Douglas v. Workman, 560 F.3d at 1194, citing Donnelly v. DeChristoforo, 416 U.S. 637, 648-49 (1974)(Douglas, J. dissenting).

         For similar reasons, in this case, which involves fraud perpetrated on Mr. Fontenot and this Court, Mr. Fontenot is permitted to supplement his Brady claim with all the newly discovered evidence produced in the instant case. See also, United States v. Smiley, 553 F.3d 1137, 1144 (8th Cir. 2009), where the court agreed that defendant's fraud on the court motion was not a second or successive petition and “reasoned that the fact the case involved a criminal sentencing process, rather than a civil proceeding such as in Hazel-Atlas Glass Co. v. Hartford Empire Co., 322 U.S. 238 (1944) was inconsequential, …and as such, is not a second or successive 2255 motion.” The Supreme Court, as long ago as Mooney v. Hologan 294 U.S. 103, 112 (1935), stated that deliberate deception of a court by the presentation of false evidence is incompatible with “rudimentary demands of justice.” This was reaffirmed in Pyle v. Kansas, 317 U.S. 213 (1942).

The same result obtains when the State, although not soliciting false evidence, allows it to go uncorrected when it appears.” (Napue v. Illinois, 360 U.S. 264, 269 (1959). Tampering with the administration of justice in the manner indisputably alleged here involves far more than an inquiry to a single litigant.” It is a wrong against the institutions set up to protect and safeguard the public, institutions in which fraud cannot complacently be tolerated consistently with the good order of society. Surely it cannot be that preservation of the integrity of the judicial process must always wait upon the diligence of litigants.
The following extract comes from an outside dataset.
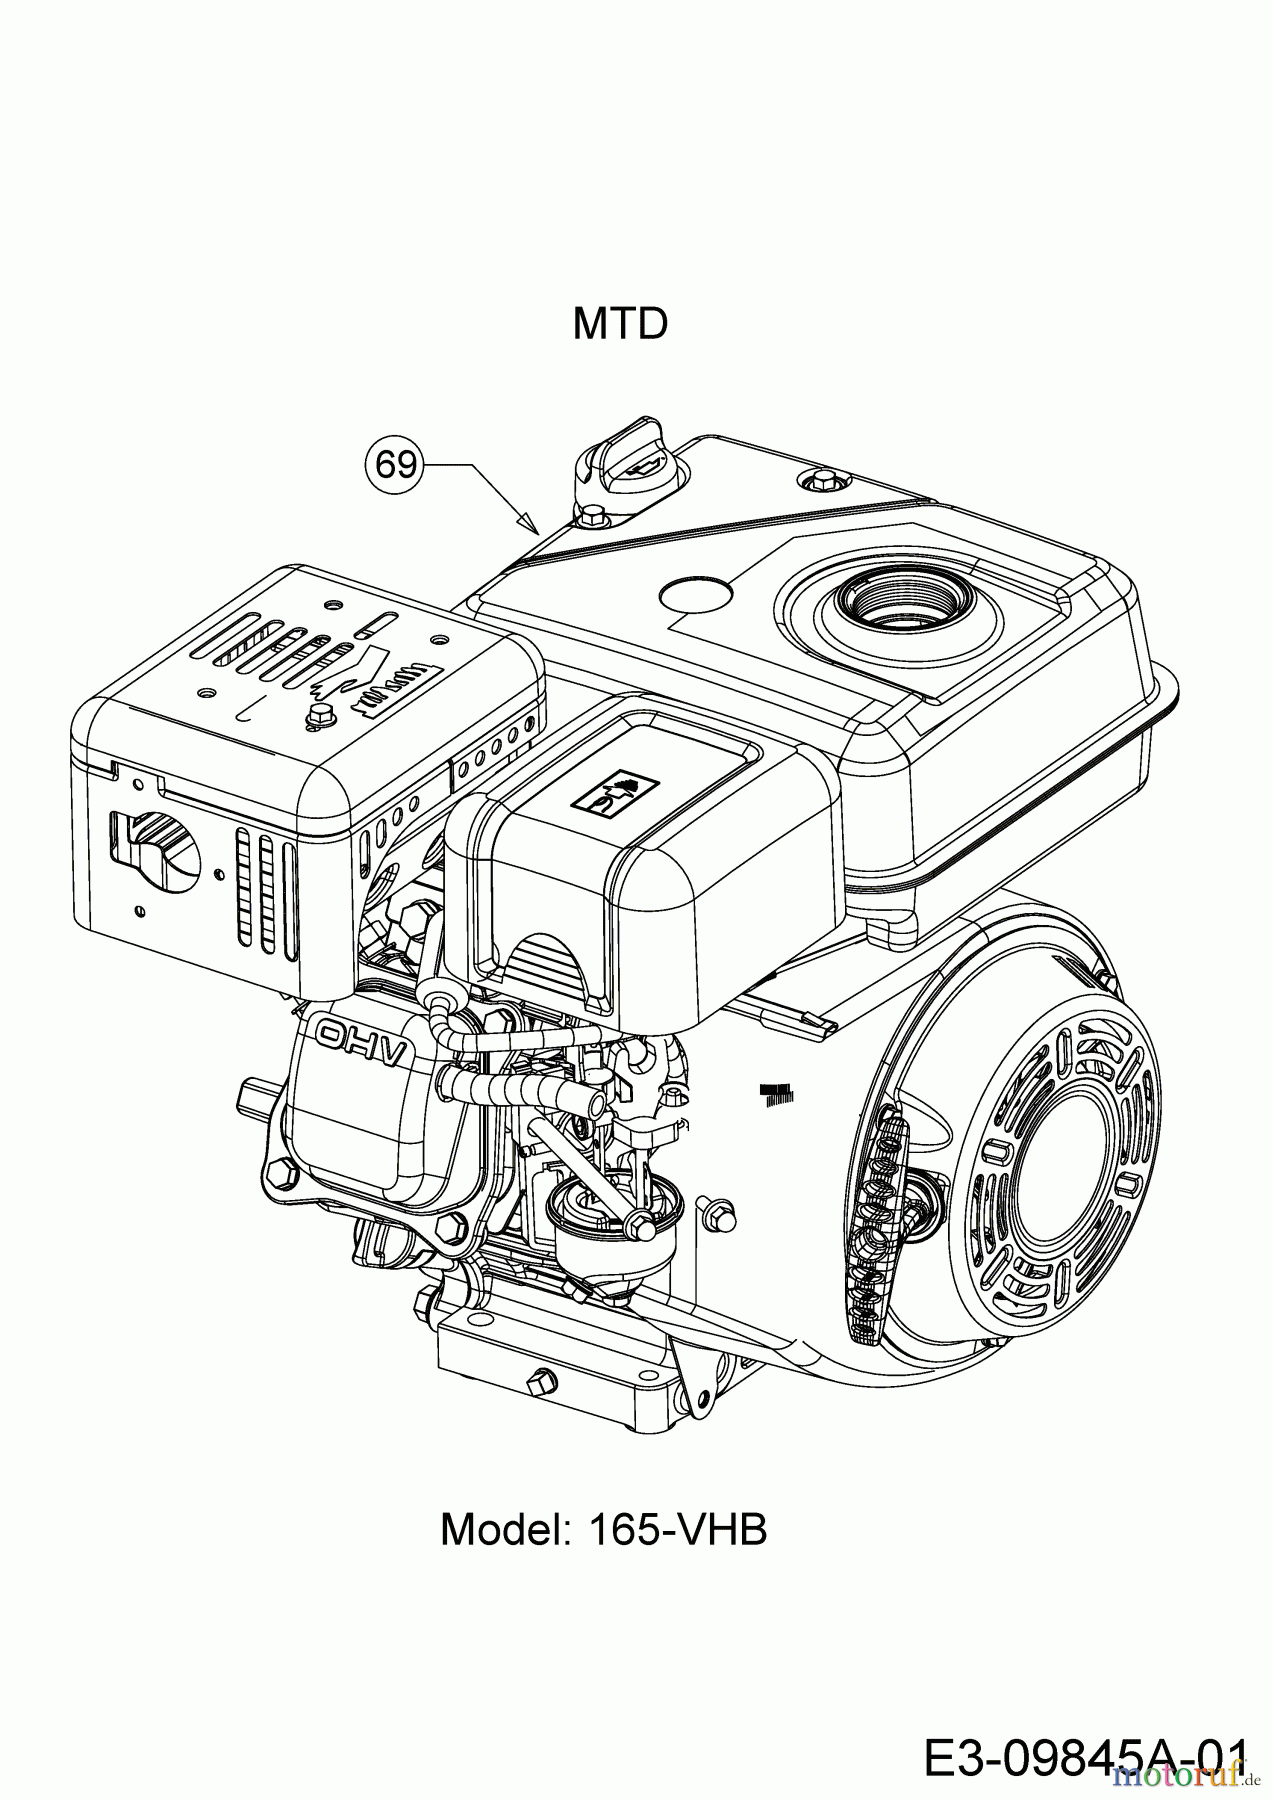  MTD Tillers T/330 M 21D-33MV678  (2020) Engine MTD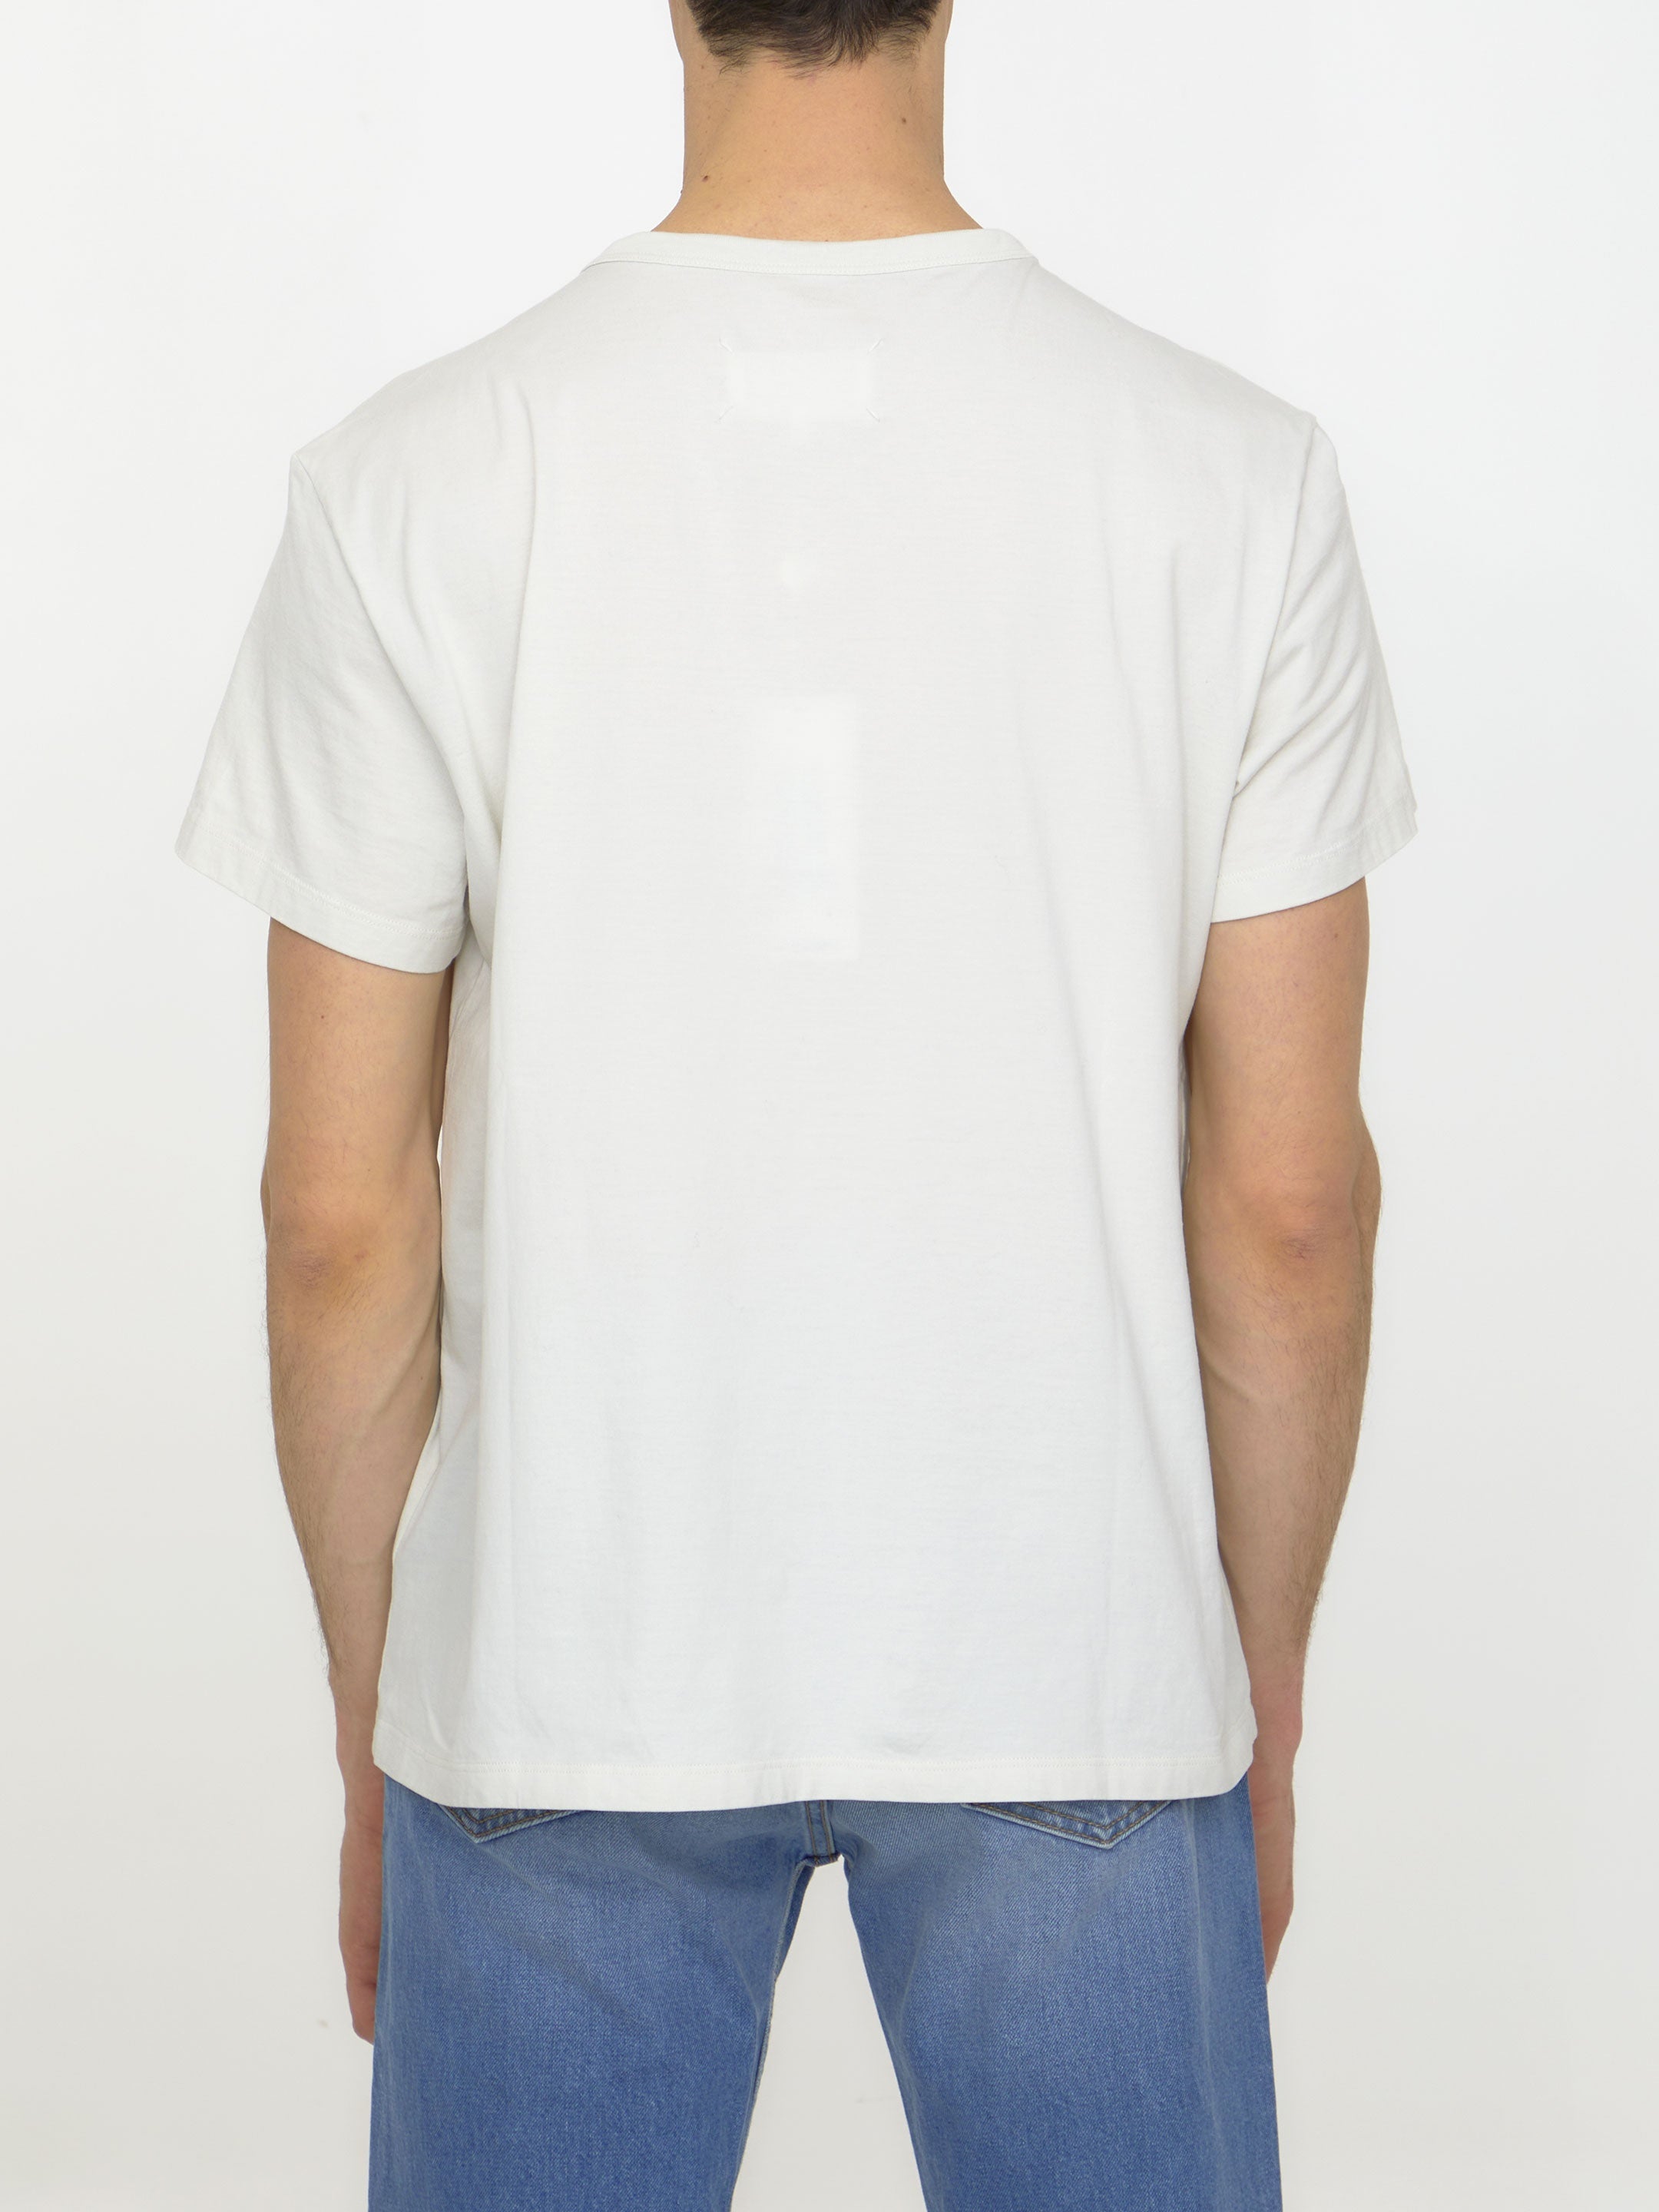 MAISON-MARGIELA-OUTLET-SALE-Numerical-logo-t-shirt-Shirts-ARCHIVE-COLLECTION-4.jpg

The public welfare demands that the agencies of public justice be not so impotent that they must always be mute and helpless victims of deception and fraud.”

Hazel-Atlas, 322 U.S. at 246.

         III. MR. FONTENOT'S FOURTEENTH AMENDMENT RIGHTS WERE VIOLATED WHEN THE PONTOTOC COUNTY DISTRICT ATTORNEY'S OFFICE WITHELD EVIDENCE IN VIOLATION OF BRADY V. MARYLAND.

         The Due Process Clause of the Fourteenth Amendment requires prosecutors to disclose to the defense all evidence favorable to the accused concerning guilt and penalty. Brady v. Maryland, 373 U.S. 83, 87 (1963); Giglio v. United States, 405 U.S. 150, 153-56 (1972); United States v. Bagley, 473 U.S. 667, 676 (1985); Kyles v. Whitley, 514 U.S. 419, 437 (1995). This duty extends to, “ all stages of the judicial process.” Pennsylvania v. Ritchie, 480 U.S. 39, 60, 94 L.Ed.2d 40, 107 S.Ct. 989 (1987); see also Smith v. Roberts, 115 F.3d 818, 820 (10th Cir. 1997). There are three elements of a Brady violation: “[t]he evidence at issue must be favorable to the accused, either because it is exculpatory, or because it is impeaching; that evidence must have been suppressed by the State, either willfully or inadvertently; and prejudice must have ensued.” Banks v. Dretke, 540 U.S. 668, 691 (2004) quoting Strickler, 527 U.S. at 281-82 (1999). Due process also places upon the prosecutor a corresponding duty to correct false or misleading evidence that is harmful to the defendant. Napue v. Illinois, 360 U.S. 264, 269 (1959).

         A prosecutor has an independent obligation to locate Brady materials within the possession of law enforcement.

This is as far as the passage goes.